───── Dataset excerpts

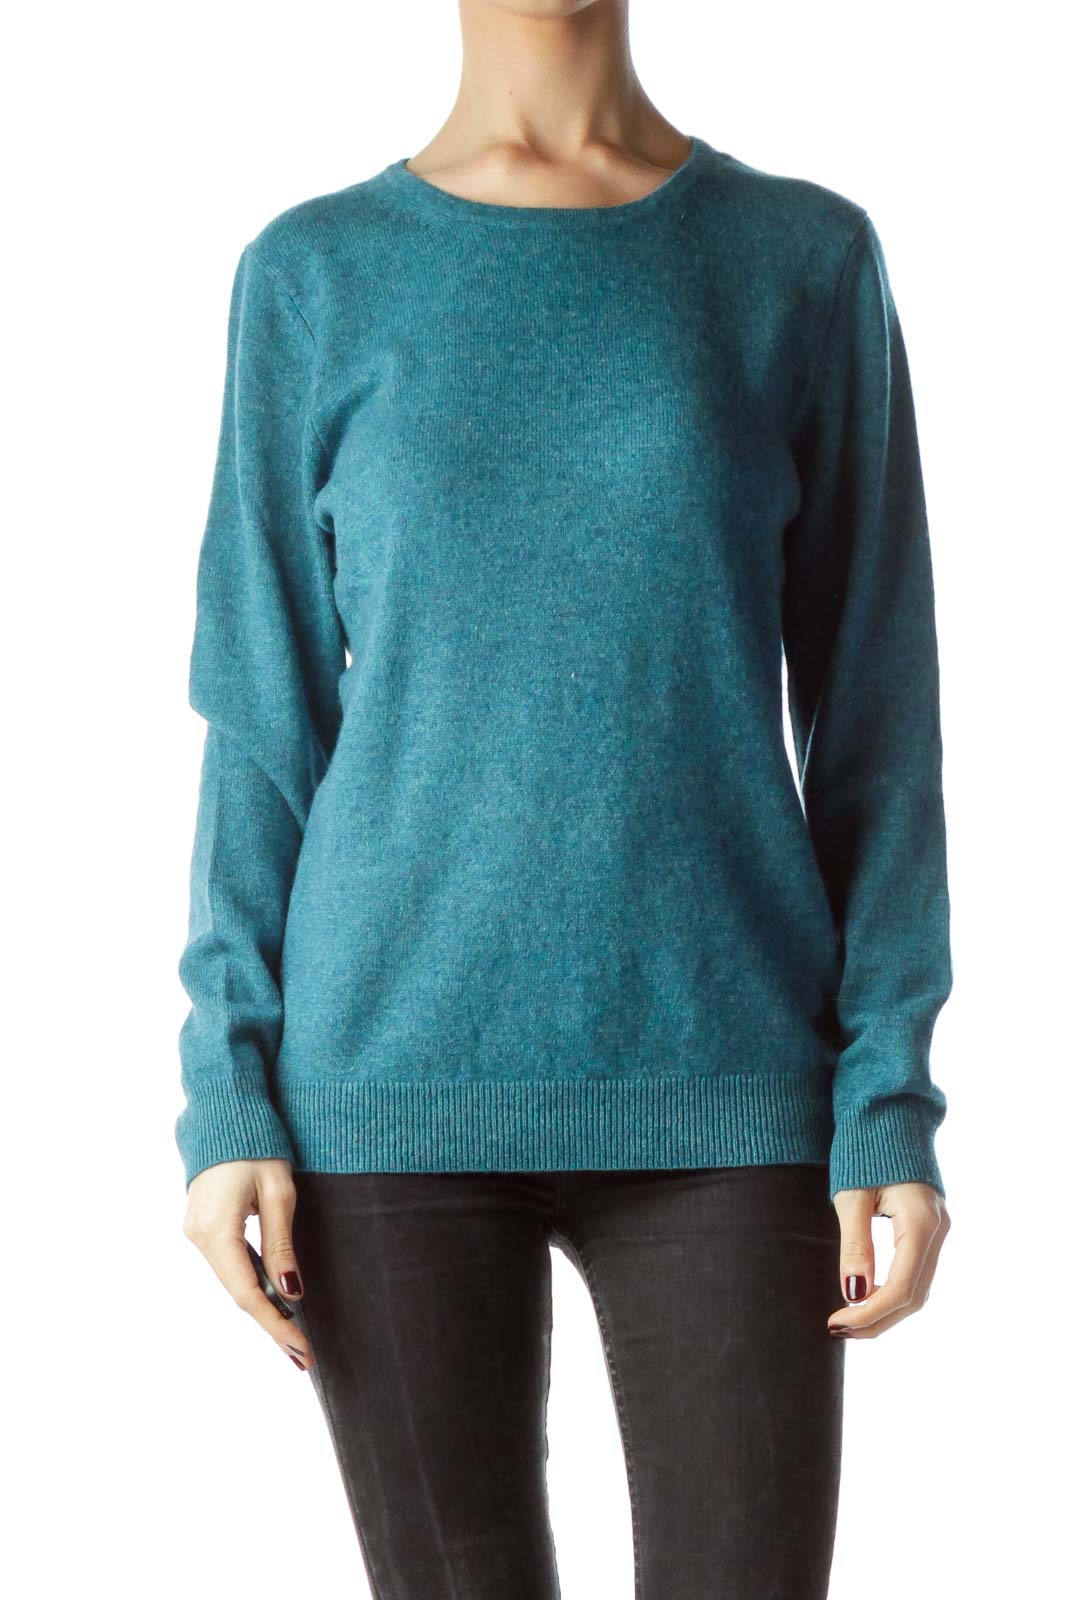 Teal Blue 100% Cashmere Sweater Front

──────────
───── Dataset excerpts

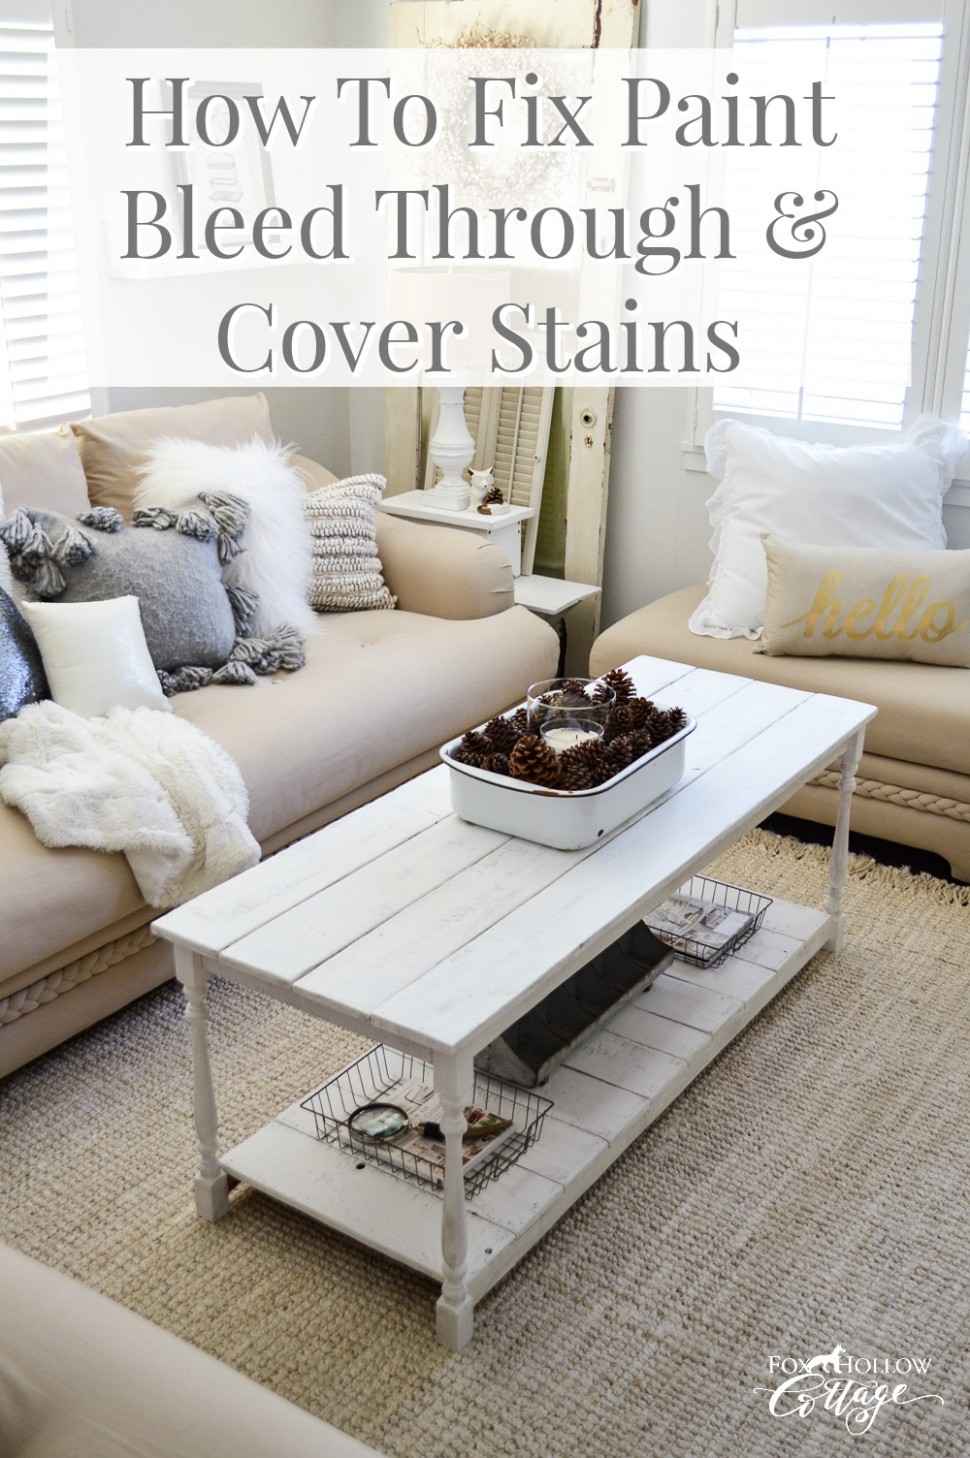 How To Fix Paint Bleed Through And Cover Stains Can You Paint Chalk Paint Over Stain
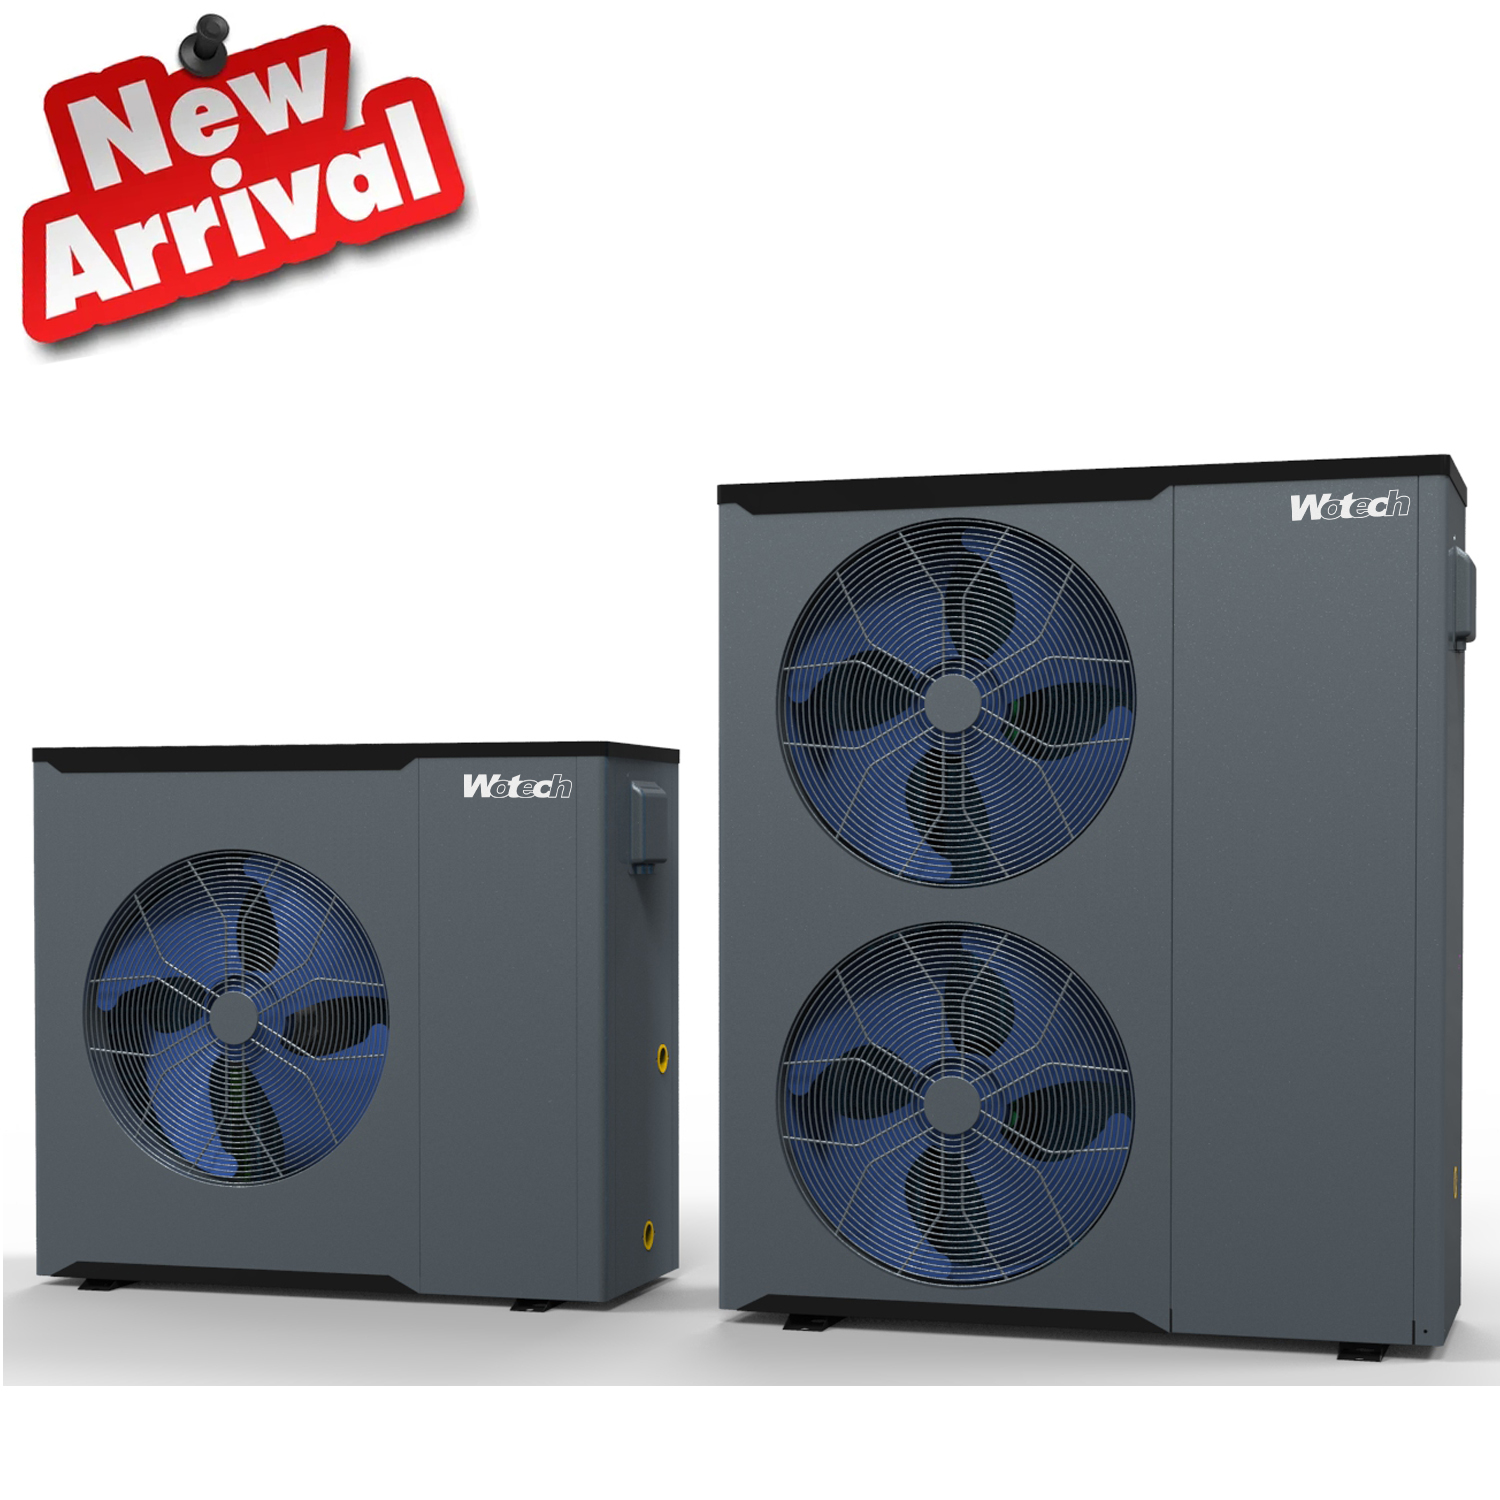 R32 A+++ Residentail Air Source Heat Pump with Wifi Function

──────────
───── Dataset excerpts

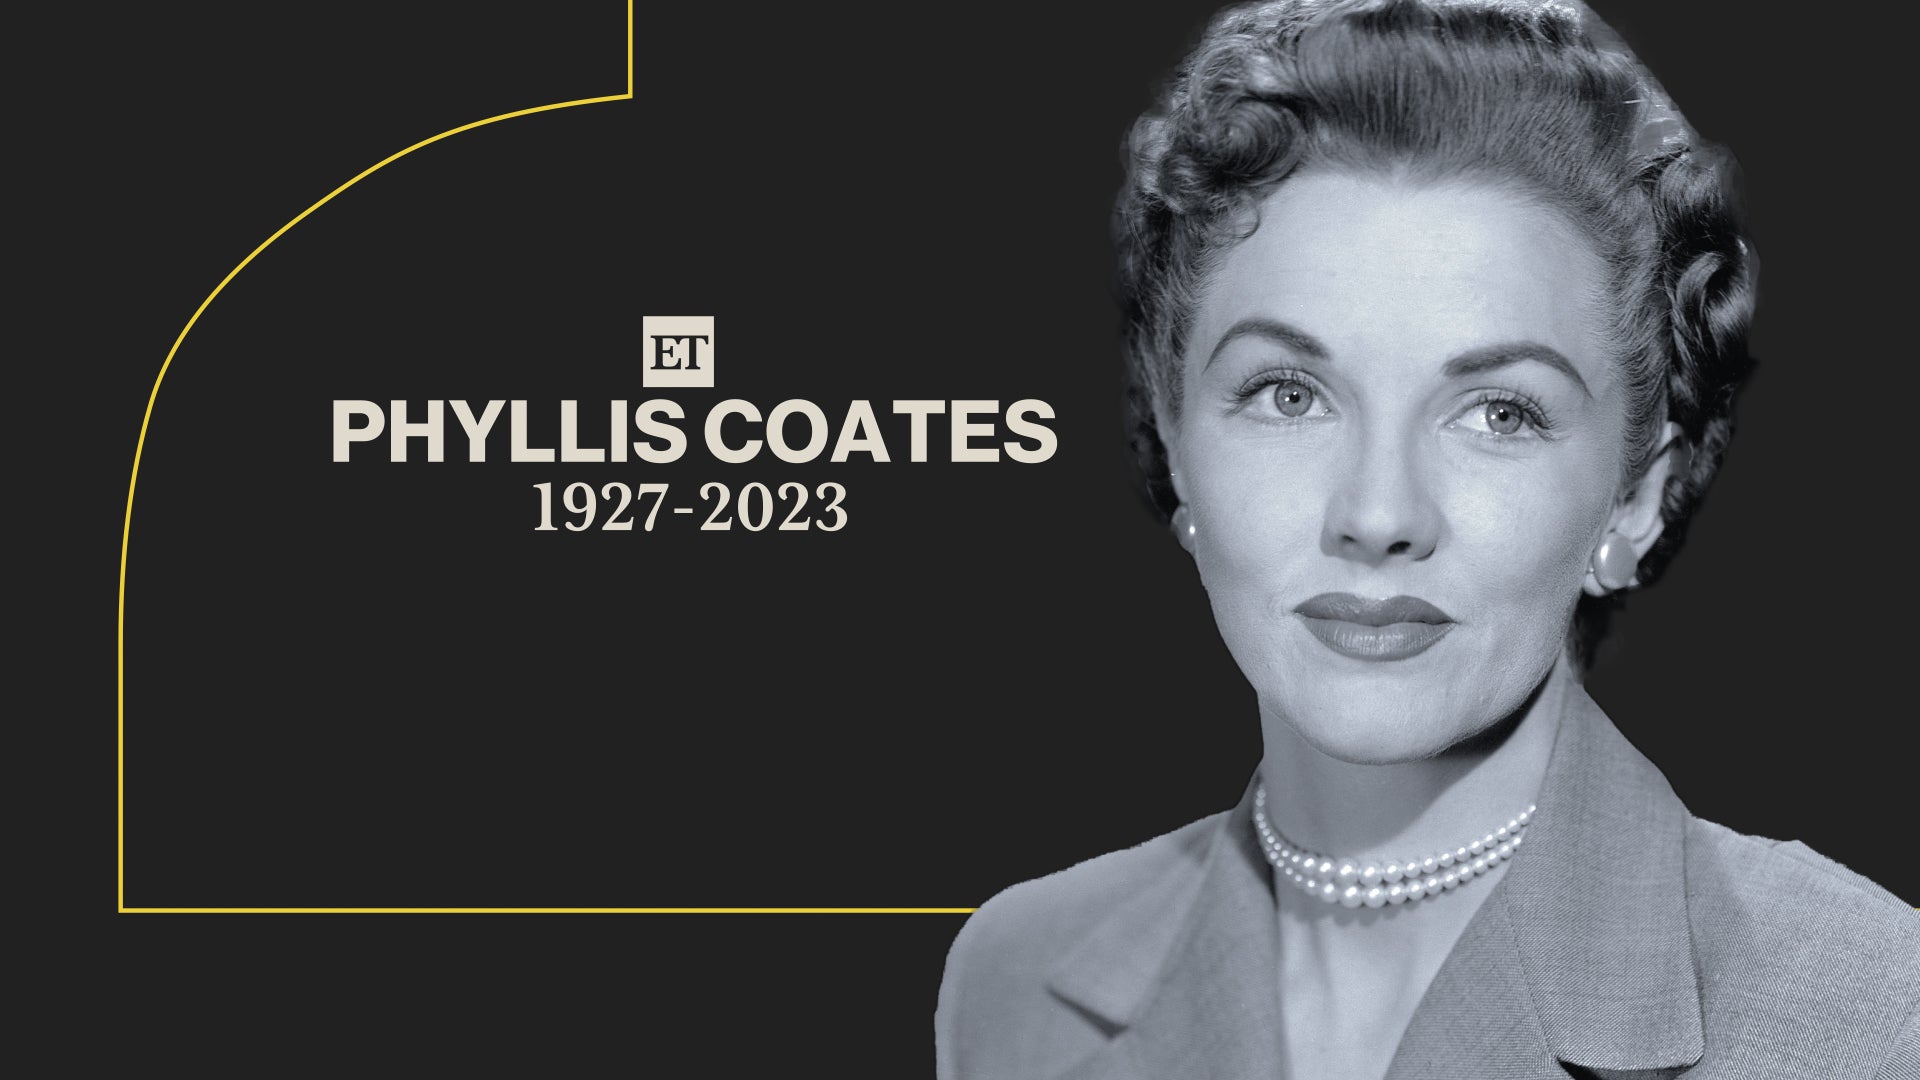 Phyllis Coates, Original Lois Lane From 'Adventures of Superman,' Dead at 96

──────────

» Exercise objective
Excerpt from the records above: set down only the lines from the one that contains "How To Fix Paint" through the one that contains "R32 A+++ Residentail", inclusive, word for word. Pictures stay out.

» Response below
 How To Fix Paint Bleed Through And Cover Stains Can You Paint Chalk Paint Over Stain
 R32 A+++ Residentail Air Source Heat Pump with Wifi Function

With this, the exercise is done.